Skip to main content

NetApp_Insight_2020.png 

NetApp Knowledgebase

When should a drive be failed (rebuild) versus letting it fail gracefully (sick disk copy)?

Views:
639
Visibility:
Public
Votes:
0
Category:
disk-drives
Specialty:
hw
Last Updated:

Applies to

  • ONTAP Drives

Answer

  1. I see errors in the system log (Messages/EMS). Do I have a bad disk? Does this mean I need to fail it out manually?


When you see drives with errors, this does not necessarily mean there is an issue:

  • Hard drive manufacturers have evolved considerably since the days when hard drives were invented
  • Software and firmware have evolved to handle errors much more intelligently and gracefully.
  • A hard drive might experience a one-time error but still be in service many years later.
  • A drive might be reporting several errors in a row, but still be responsive/usable.
  • If an error is detected, it has thresholds to know if a drive is bad enough to fail it out.
  • If a disk has caused enough errors, but no impact to users, it will gracefully fail the disk out and put it into testing (maintenance center).
    • This testing will involve giving the drive a thorough checkout and then, if it passes, the disk will be returned to service.
    • A drive returned to service means that it has been tested from the beginning to the end and has returned no errors.
    • Any errors that might have existed were corrected internally and the drive is now ready for service.
    • If a disk enters maintenance center the third time, it is failed out and an AutoSupport message is sent to NetApp for automatic disk replacement, and a drive usually is automatically shipped out.
  • If you are seeing errors reporting timeouts/bad sectors but not seeing latency or application/user complaints or timeouts, that means the software is working correctly. 
  1. I see errors, but am unsure if I have an issue. It seems like things are running worse since I started seeing the errors, or I notice a timeout that matches when my application reports latency, but normally it is fine?
  • This might be a bad drive. See the following sections to understand what to look for in statit,
  • statit is the command at the node level advanced privilege mode that will be used to understand disk i/o latency/utilization on a per drive level.
  1. I see errors and/or have timeouts. It is constant or easily traceable when the disk fails. Is there a way to confirm?

The statit command will help you determine if there is an issue. Run the following:

Cluster::> node run node01 
node01> priv set advanced
node01*> statit -b

[count 30 seconds]

node01*> statit –e

This will produce a very detailed output. The following is a sample with the disk in question highlighted:

disk             ut%  xfers  ureads--chain-usecs writes--chain-usecs cpreads-chain-usecs greads--chain-usecs gwrites-chain-usecs
/aggr3/plex0/rg1:
3a.61             64 118.75   35.96   5.81  4376  45.17   4.72  5971  37.62   8.06  2178   0.00   ....     .   0.00   ....     .
4a.76            100 118.26   34.88   5.67 16441  46.64   5.61 10991  36.74   7.88  6229   0.00   ....     .   0.00   ....     .
3a.45             68 126.40   43.41   5.35  4810  47.52   4.51  6050  35.47   7.60  2167   0.00   ....     .   0.00   ....     .

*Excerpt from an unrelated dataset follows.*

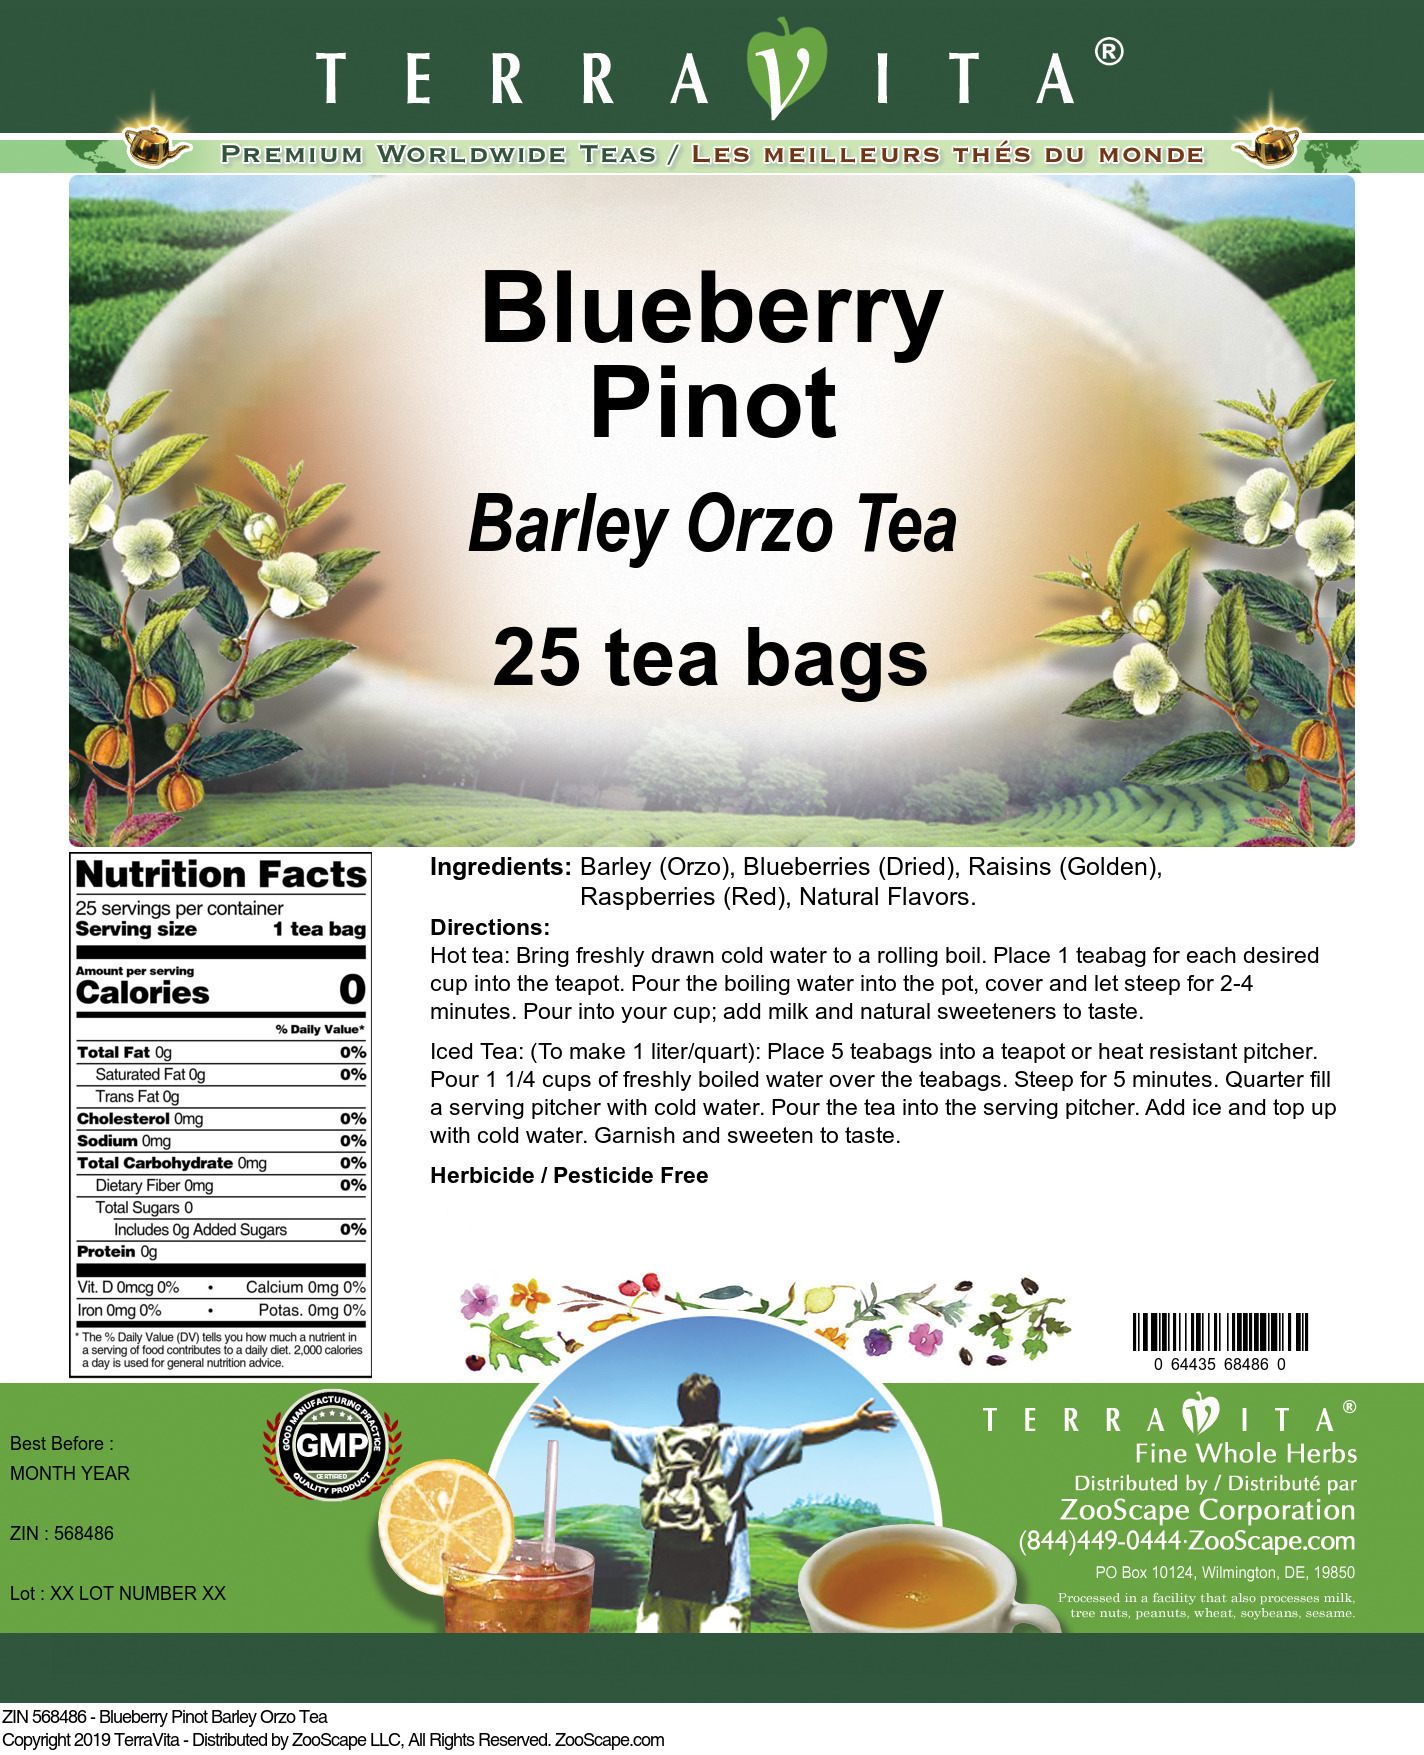 Blueberry Pinot Barley Orzo Tea

Notice that 4a.76 has the following versus surrounding disks 3a.61 and 3a.45:

  1. Higher ut% or disk active percentage

  2. Higher latency in each usec column for uread, write, and cpread by 4-12 ms

  • The disk was actually causing an application/user issue as well, and it was worth failing out.
  • This is the command that will help measure if a disk might need to be failed out.
  • It is recommended to get several iterations of statit to see if it is a problem disk.
  • If each iteration shows higher output, and there are no other hardware issues, then it is a bad drive.
  • The system log must be checked to see if this disk pops up.
  • Another scenario that can occur is a drive might have timeouts only at specific times, and the application might report issues.
  • A disk failure might be required.
  • statit might not be useful as it is only at certain times this occurs, and grabbing the statit output might be impossible. 
  1. I have determined that I have issues. Is it better to gracefully fail or forcefully remove and do a recovery?

 If the load is very high on the aggregate, either a copy or failure will be painful until the failure completes.

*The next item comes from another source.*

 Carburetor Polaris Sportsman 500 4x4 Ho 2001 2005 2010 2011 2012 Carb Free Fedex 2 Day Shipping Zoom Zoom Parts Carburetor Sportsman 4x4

  • If one disk is bad in a raid group, and fits the scenario where each iteration of statit consistently shows higher latency/utilization, and it is not due to fragmentation/workload, in general, a rebuild would be a better option. The difference is the -i flag. Run the following:

cluster1::> storage disk fail -disk 1.1.16 -i true
WARNING: The system will not prefail the disk and its contents will not be
copied to a replacement disk before being failed out. Do you want to
fail out the disk immediately? {y|n}: y

disk fail [-i] [-f] <disk_name> Filer> disk fail -i -f 1a.01.16

  • If a disk is showing intermittent pain, as in the second example above, (that is, it only occurs once an hour or so) but is not constant, a graceful failure is a better option as the disk is not showing issues most of the time and the issue might only last for a minute, once an hour.
  • If multiple disks are having issues in a raid-group, this situation depends on how many disks are in the raid-group, how bad each disk is, and the load on the system.
  • The time to recover/rebuild will be varied. Ensure that a backup/DR plan exists as it is more risky in this case and can cause data loss/downtime. If this is the case, there are no general recommendations available and NetApp Support and/or the account team must be engaged to help provide the best guidance.
  • If unsure, contact NetApp Technical Support.

Additional Information

For more detailed information on running the statit command and utilizing it to monitor disk i/o statistics, see KB article How to assess disk-level response times?

Recommended Best Practices:
  • Try to keep the disk load to less than 50-70% of maximum IOPs, so if a disk fails, it will not cause user latency. If it is required to push above this threshold, plan to have a fallback in place.

  • Make sure all current recommended settings are set, the most recent recommended ONTAP version for your hardware is installed, and drive, shelf module, and ACP (if SAS) firmware is at the latest.

  • Follow all recommended best practices for Multi-Path HA and cabling. 

  • Consult your NetApp account team if you feel the load or versions of Data ONTAP might need a review to make sure they are at appropriate levels. 

  • If engaging NetApp Support, it is recommended to collect a Perfstat or, at the very minimum run statit.